I have written a code that generates x and y data and am able to plot it.
# Number of observations
n <- 250
# x randomly drawn from a continuous uniform distribution with bounds [0,10]
x <- runif(min = 0, max = 1, n = sample(n))
# Error term from Normal distribution
error <- rnorm(n = n, mean = 0, sd = 2)
beta_0 <- 1
beta_1 <- -1
y <- beta_0*x + (beta_1*x - error)
library(tibble)
df <- tibble(x = x, y = y)
df
library(ggplot2)
ggplot(data = df, aes(x = x, y = y)) + geom_point()
labs(title = "y = f(x)")
I get an graph image like this:
I also get a data table like this of different coordinate data:
x | y. |
---|---|
0.139 | -2.87 |
0.981 | 1.48 |
I would like to now randomly classify my data, such that my table looks like:
x | y. | Group1 | Group2 |
---|---|---|---|
0.139 | -2.87 | -1 | 1 |
0.981 | 1.48 | 1 | -1 |
Where 1 represents that points membership to the group and -1 representing the point not being affiliated to the group. On the graph this would look like I had blue dots for Group1 membership vs red dots for Group2 membership.

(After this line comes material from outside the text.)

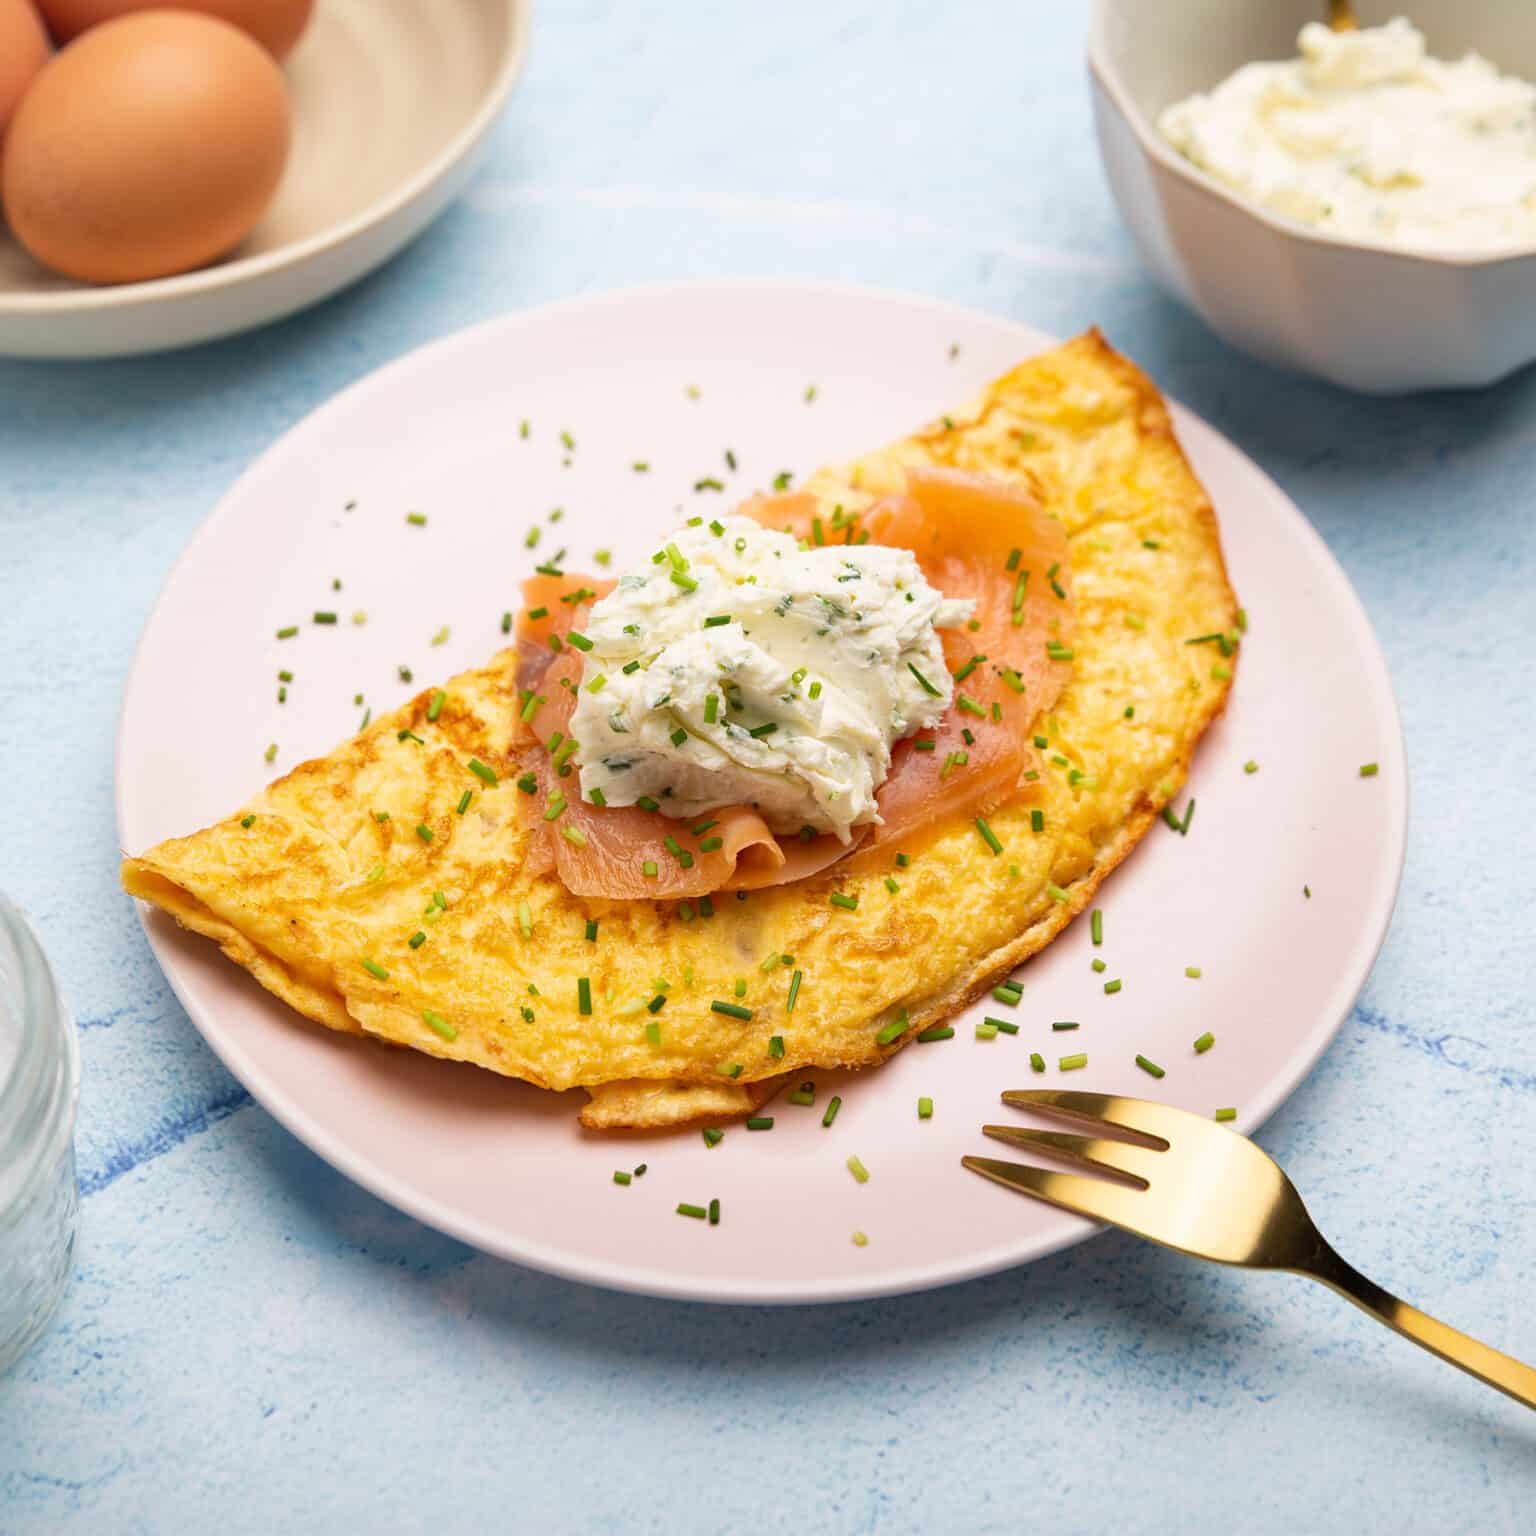 Omelet with smoked salmon and cream cheese on a pink plate with gold fork.

Any help with this would be greatly appreciated.
Thank you.
To do it the way you suggested (with one column for group 1 and one column for group 2), you could do:
library(dplyr)
library(ggplot2)
df %>%
mutate(group1 = sample(c(-1, 1), n, TRUE),
group2 = -group1) %>%
ggplot(aes(x = x, y = y, color = factor(group1))) +
geom_point() +
scale_color_brewer('group', palette = 'Set1',
labels = c('Group 1', 'Group 2')) +
labs(title = "y = f(x)")
However, it seems a bit redundant to me having two mutually exclusive binary columns. You could just have a single column called group
which is either group 1 or group 2:
df %>%
mutate(group = sample(c('Group 1', 'Group 2'), n, TRUE)) %>%
ggplot(aes(x = x, y = y, color = group)) +
geom_point() +
scale_color_brewer(palette = 'Set1') +
labs(title = "y = f(x)"